● Brief
Print, exactly as they stand, the lines below from the one that has "Лидар в новом" to the one that has "Retrato de empresario", inclusive, leaving out the pictures.

● Given records
════════
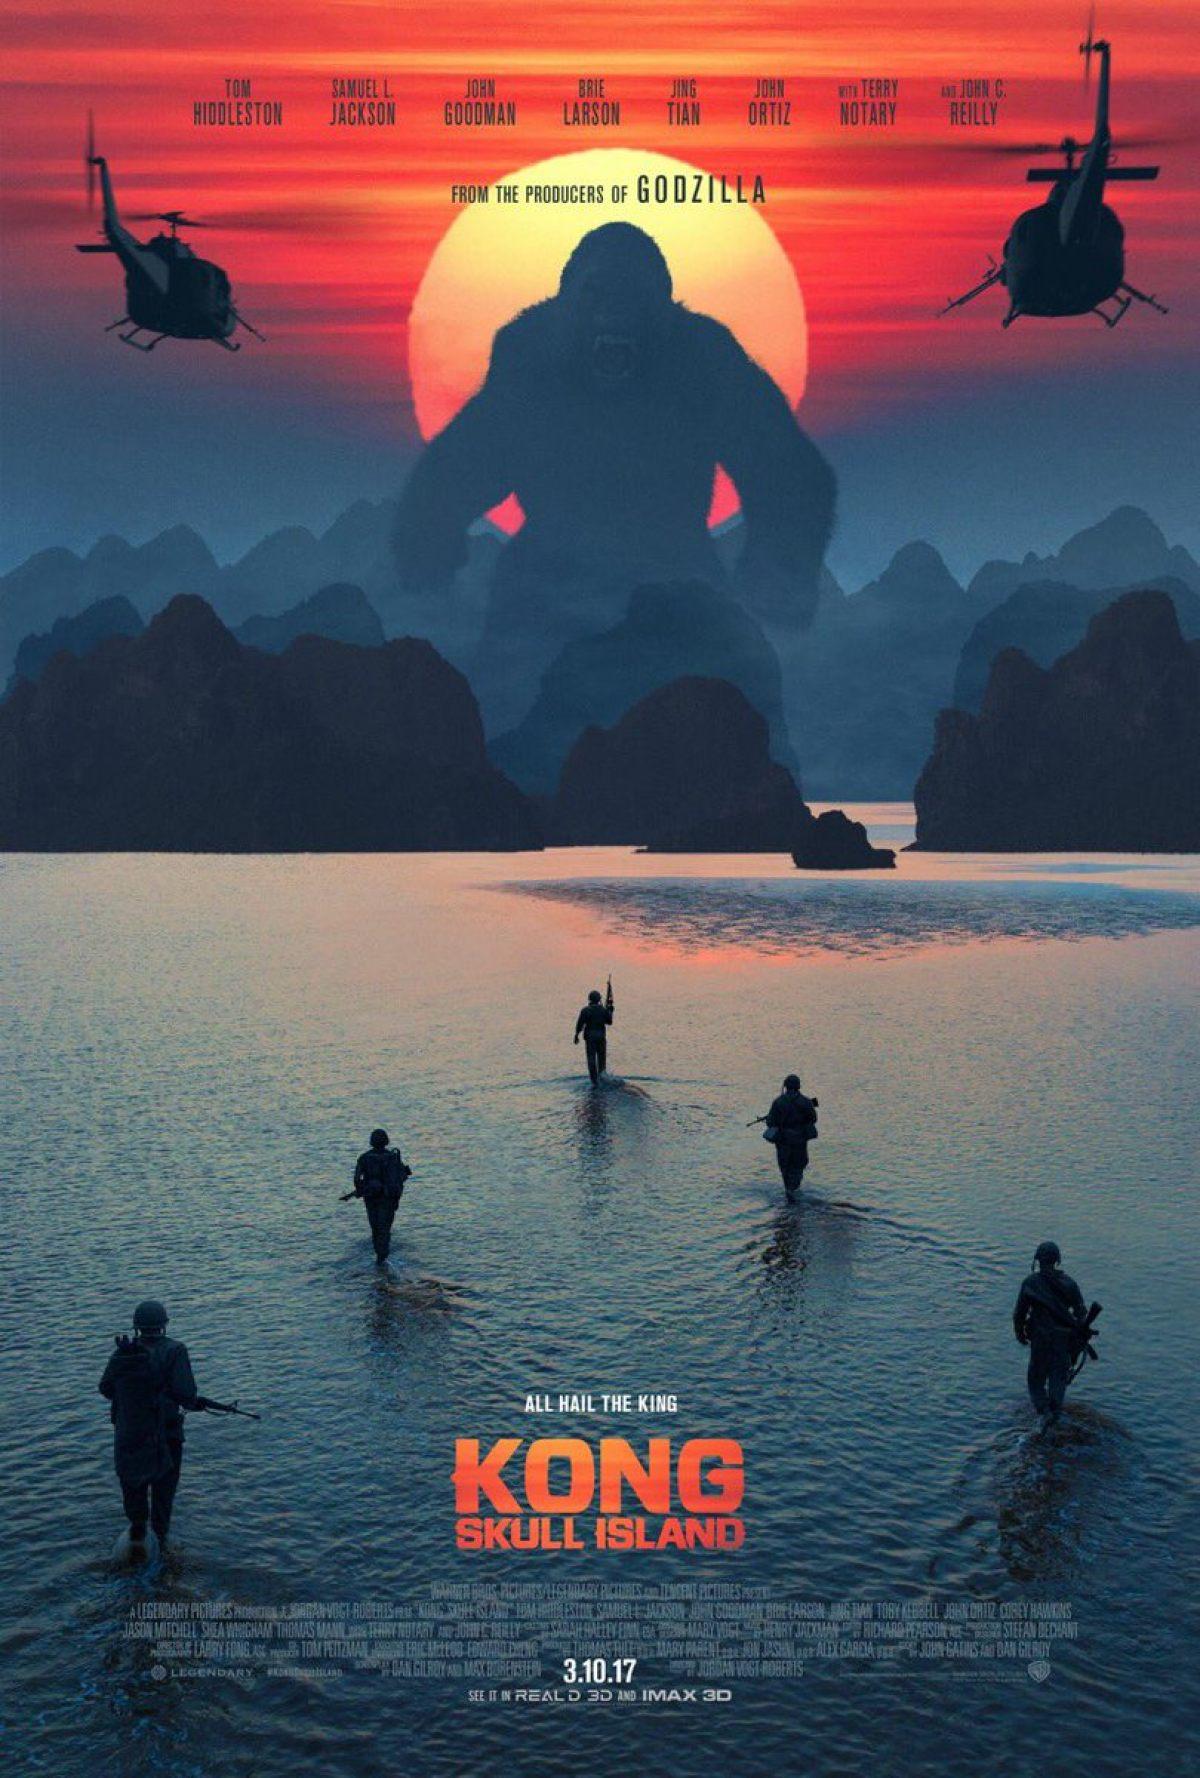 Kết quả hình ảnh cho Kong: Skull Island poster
════════
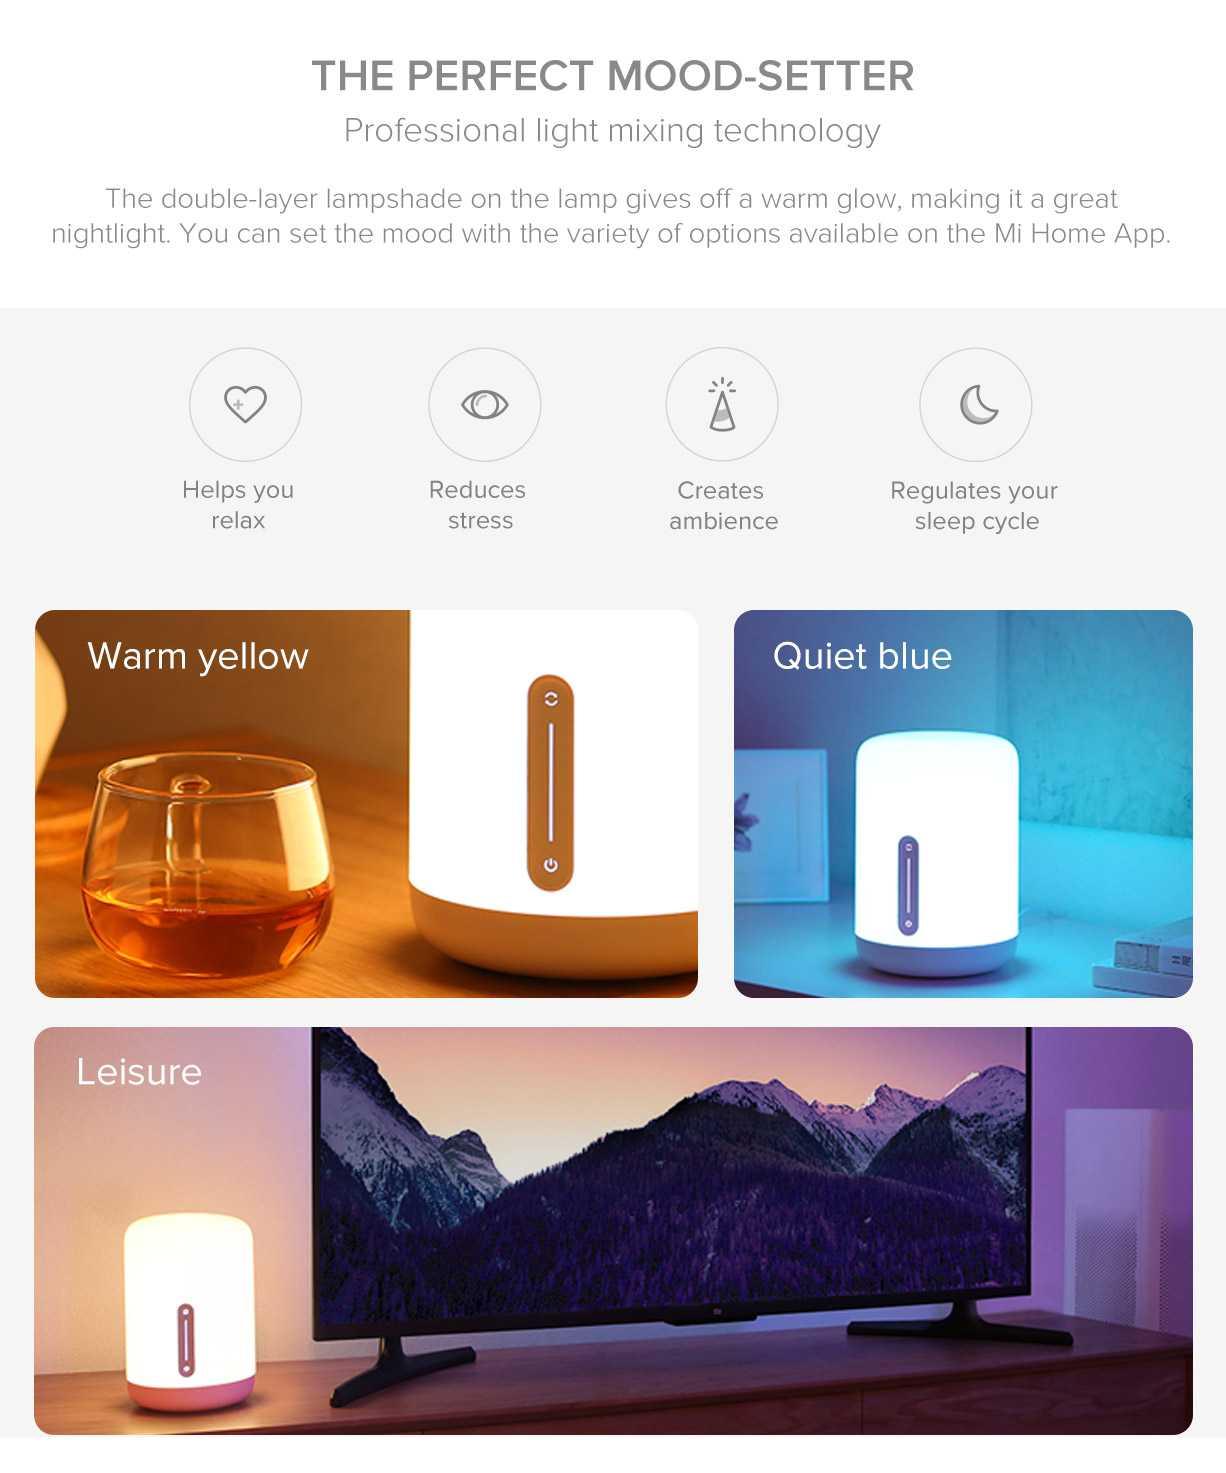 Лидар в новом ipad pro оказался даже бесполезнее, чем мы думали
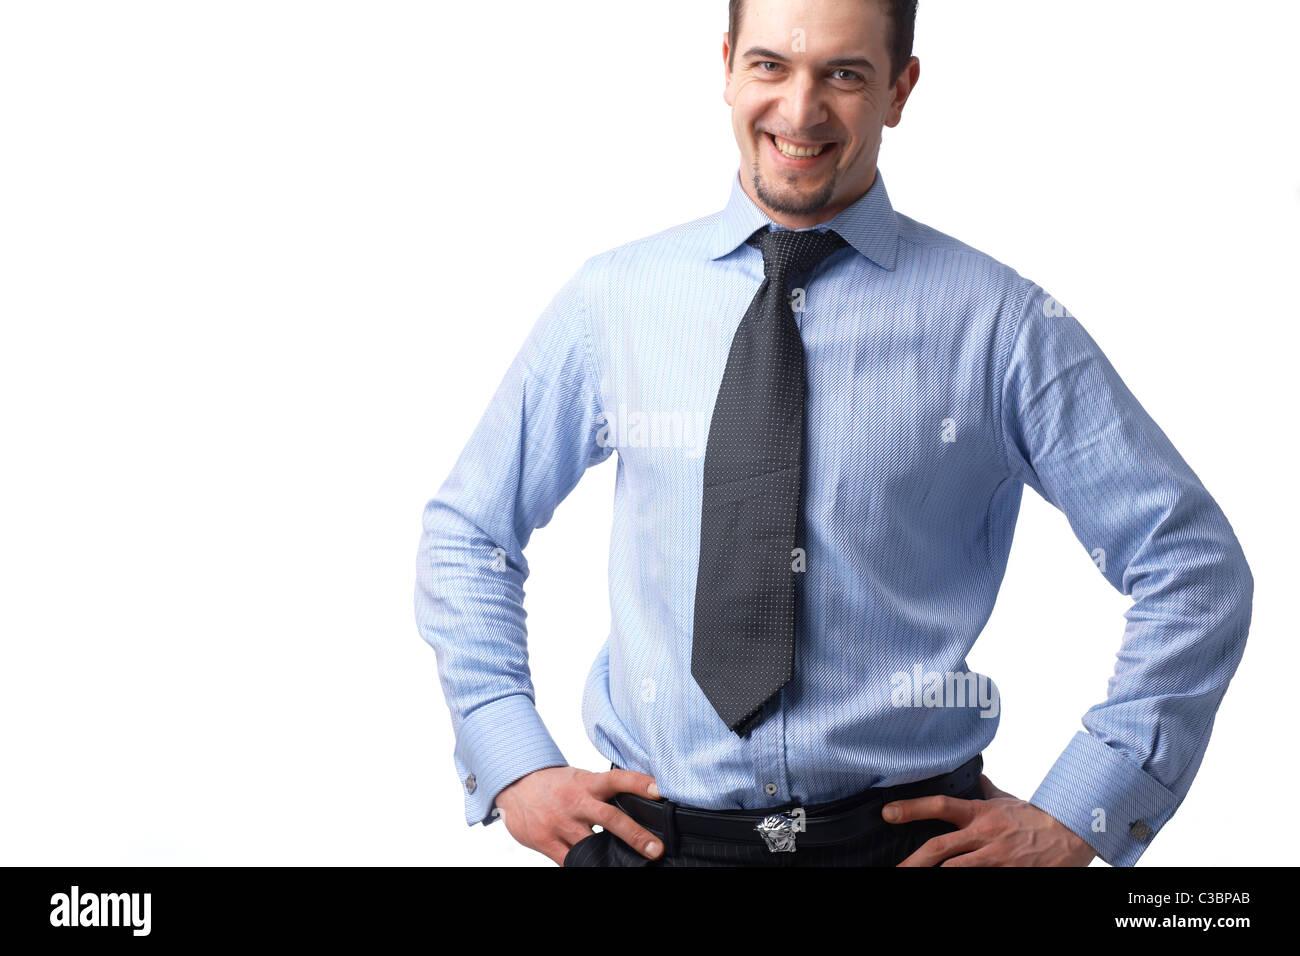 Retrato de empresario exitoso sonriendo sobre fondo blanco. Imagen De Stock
════════
● Result
 Лидар в новом ipad pro оказался даже бесполезнее, чем мы думали
 Retrato de empresario exitoso sonriendo sobre fondo blanco. Imagen De Stock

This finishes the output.